An Interview with Peter Geye

Safe from the Sea book cover

It is always a pleasure and a privilege to meet fellow Unbridled authors, and Peter Geye is one of them. His first novel, Safe from the Sea, won high praise from Library Journal, which commended Geye for “engag[ing] the complexities of family dynamics skillfully and handl[ing] especially well the kind of family grudges and misunderstandings that can cripple relationships for decades, as they do here. Inspiring, wise, and enthusiastically recommended for all readers.”

His second novel, The Lighthouse Road, takes place in a lumberjack camp in the wilderness of northern Minnesota and aboard a skiff on Lake Superior.  Booklist gave it a starred review, writing that “[t]he echoes of the characters’ heartbreak through the generations are as haunting as the howling of the wolves on the wind.”

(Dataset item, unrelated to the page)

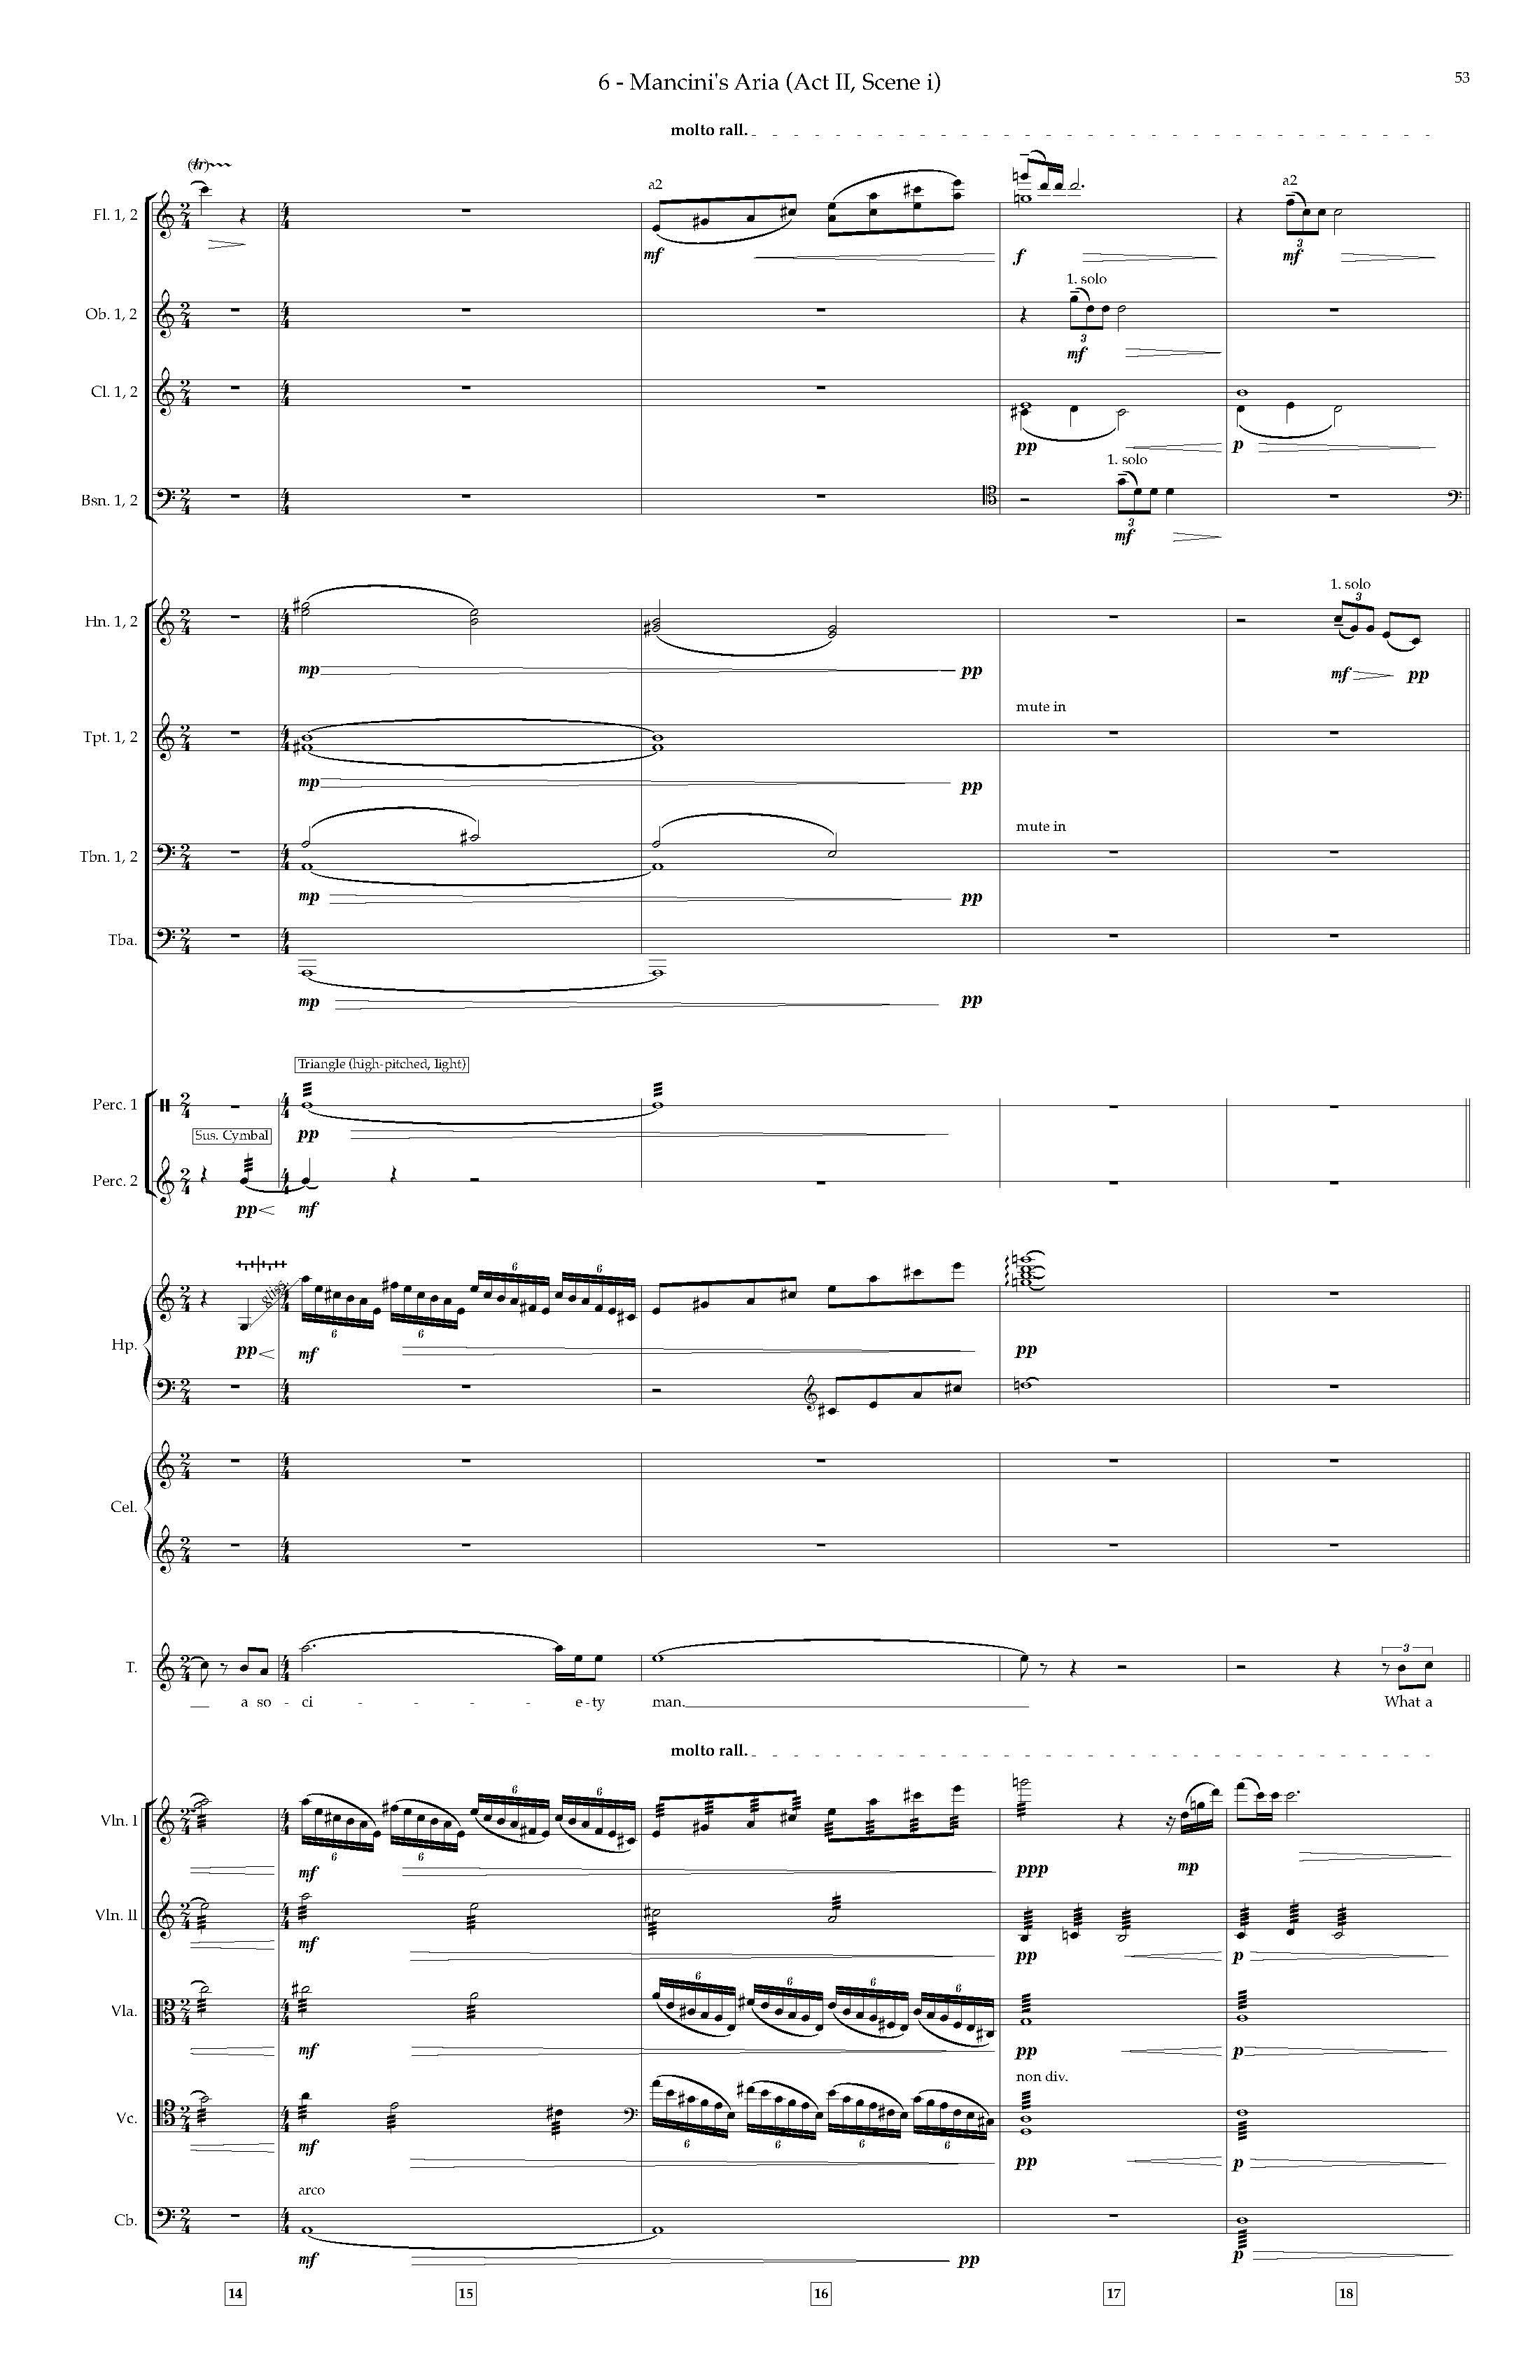 Arias and Interludes from HWGS - Complete Score_Page_59.jpg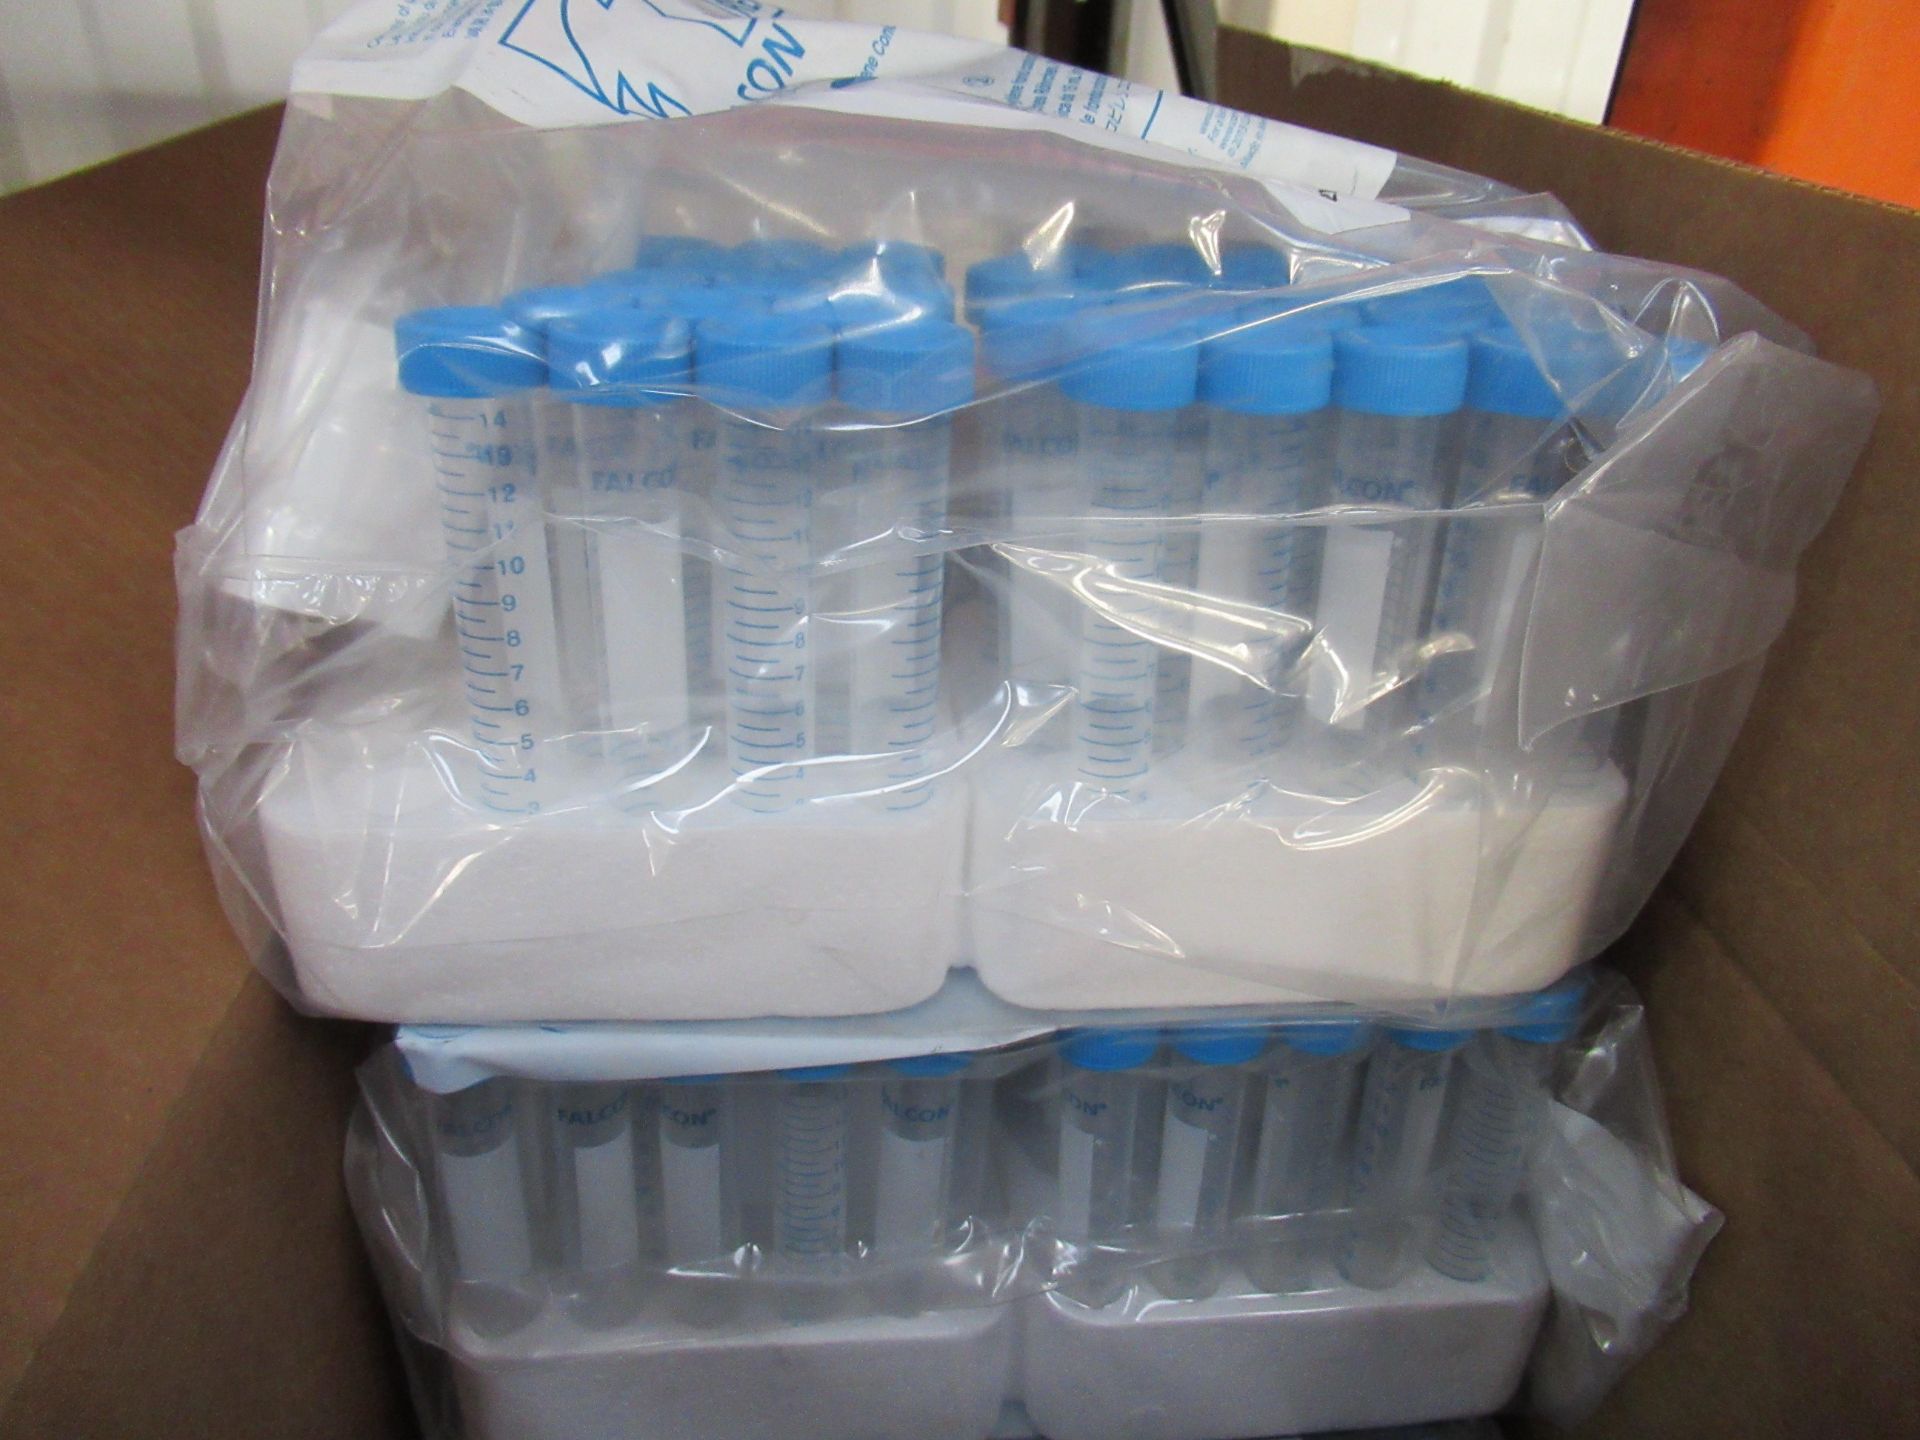 Approx. 1000x (2x boxes) 15ml polypropylene conical tubes (17mm x 170mm)

And Bruce Machart wrote that “[t]o be submerged in the frothing, watery world of Peter Geye’s The Lighthouse Road is to be baptized anew in the promise of American letters. I defy you to bear witness to the tormented tenderness of Odd Eide, to suffer and love and row beside him in his skiff, without throwing down your nets. Here is an epic that spans more than generations. Here is an epic that spans the topography between hell-dark bear dens and moonlit lake water. Here is a novel that charts the whole of the human heart.”

HUERGO: What moves you to write? What sparked your imagination as you began your last novel?

GEYE: I have to be honest, I write for my own enjoyment as much as I write to be read. I love the process of inventing another world, of filling it with folks I’d like to get to know, of suffering with them, and experiencing their joys. I find a lot of the same satisfaction in writing a book that I do in reading one. I can’t imagine doing anything else.

The Light House Road book cover

And my second book, The Lighthouse Road, had a couple of sparks at the beginning. For one, I wanted to write about the immigrant experience. For a long time I’ve been interested in this idea of the American dream. More specifically, what happened when someone came to America expecting to find that dream, but they ended up finding something else instead. And I also really wanted to write from a woman’s point of view. Both subjects were supremely rewarding, as were the other stories that evolved from those first ideas.

HUERGO: How much research do you do before or during the writing process?

GEYE: I think of myself as a jungle researcher. That is, I go into the subject like it’s a jungle, and I just look around for things that are interesting. This is of course not always possible (sometimes I need evidence or facts), but I’m convinced after writing two books that required a lot of research that I’ve found a sort of method in not having much of a method at all.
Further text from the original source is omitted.